The system of public education in the post-apartheid period remains deeply unequal. The inequality starts in the earliest parts of the system. Research suggests that a child’s relationship to reading and writing with meaning in the early years of schooling largely frames her future educational experience.
While approximately 20% of schools located in urban and middle class areas provide young children with a good chance to read with meaning by Grade 3, up to 70% of the system, serving African language speaking children and their communities do not support children to read and write by the end of primary schooling.
While there is a lot of research and development work in English dominant school settings, there is much less detailed research and development to build instructional materials and strategies to teach successfully in African language dominant classrooms.

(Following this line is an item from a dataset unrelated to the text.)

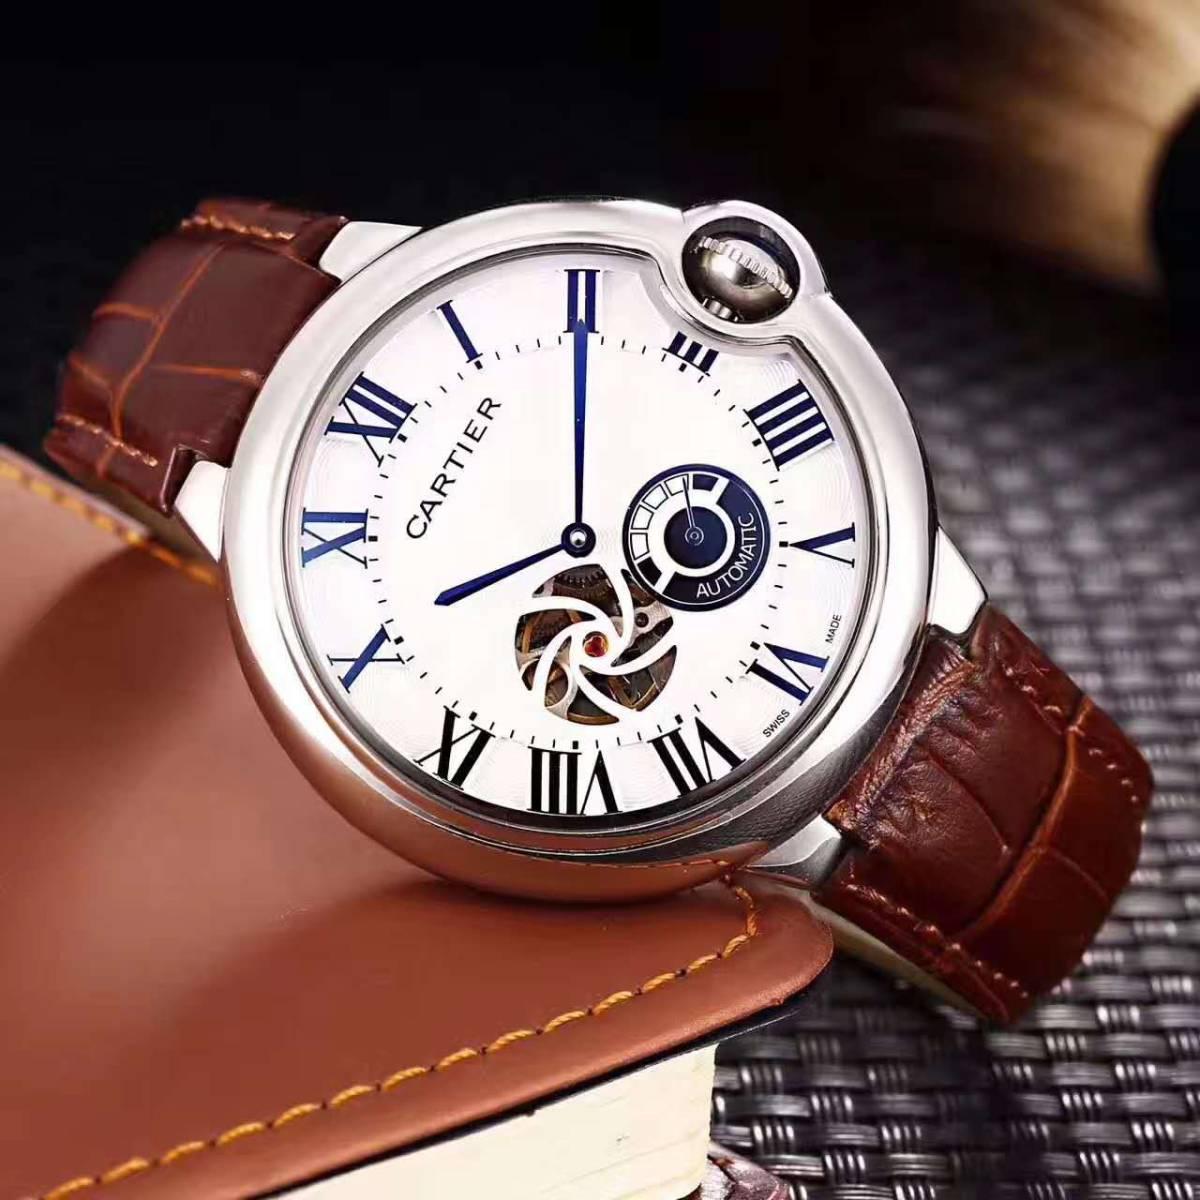 新品 Cartier 自動巻 スケルトン 腕時計 メンズ ウォッチ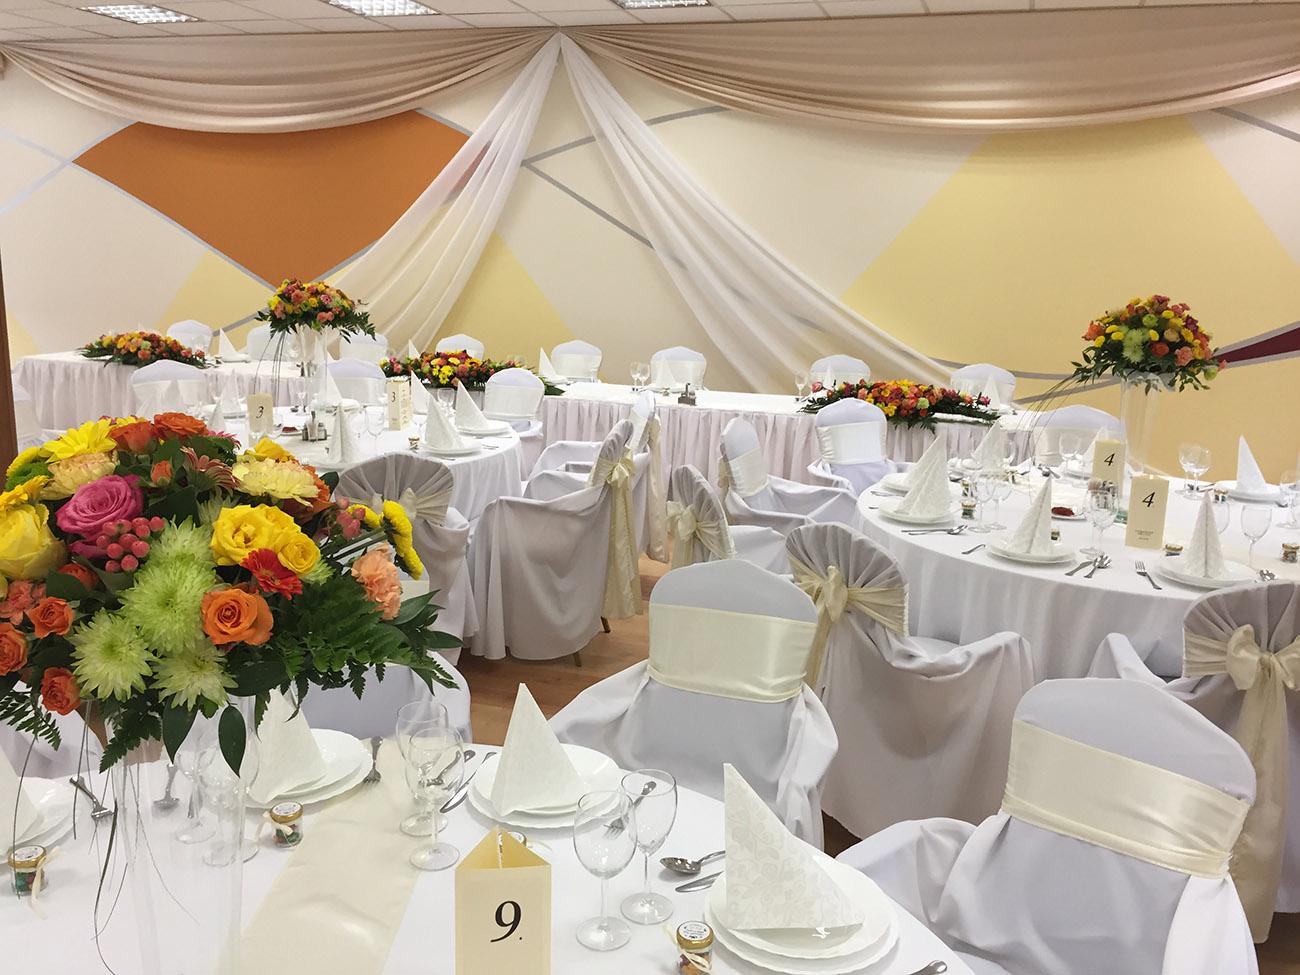 budapesti esküvői helyszín, Egy budapesti esküvői helyszín, ahol a te nagy napod is tökéletes lesz – Ünnepelj a Prémium Apartmanházban!

The flagship work of the Nelson Mandela Institute across the past 10 years is known as the Magic Classroom Collective (MCC). The goal of the collective is to build effective tools and materials to transform the system at greater scale. The Magic Classroom Collective (MCC) brings together rural foundation phase teachers, teacher educators and researchers into a long-term working partnership. Placing the rural child at the centre, the goal of the MCC is to design and develop tools, materials, strategies and systems accountable to the teaching and learning context of the majority of South African poor schools. Currently the Magic Classroom Collective includes over 70 teachers serving over 2,100 children from Grade R to Grade 3 within 15 schools in the most rural areas of the Eastern Cape.
The work of the Magic Classroom Collective is intensive. For each school term, a complete set of teaching and learning material is produced for each classroom. Working with classroom based instructional coaches, teachers field test the materials and systems, and reflect on how they work in their classrooms.
Before, there was no reading in classrooms, now children read on their own. Before there was no writing in classrooms. Now children consider themselves authors. Before teachers did not enjoy their classrooms. Now teachers resist leaving their classrooms at the end of the day. Before working together, 90% of learners were scoring under 20% on assessments designed to measure literacy and mathematics learning. Children have improved their reading and writing by 3% year on year. Children have improved their mathematics by 4% year on year. These are the most consistent gains in literacy and mathematics amongst a cohort of rural poor schools in South Africa.
While we continue to work to build the Magic Classroom Collective into a network of demonstration schools, the NMI is working with government and a number of partners to bring the lessons and tools of the MCC to wider system scale.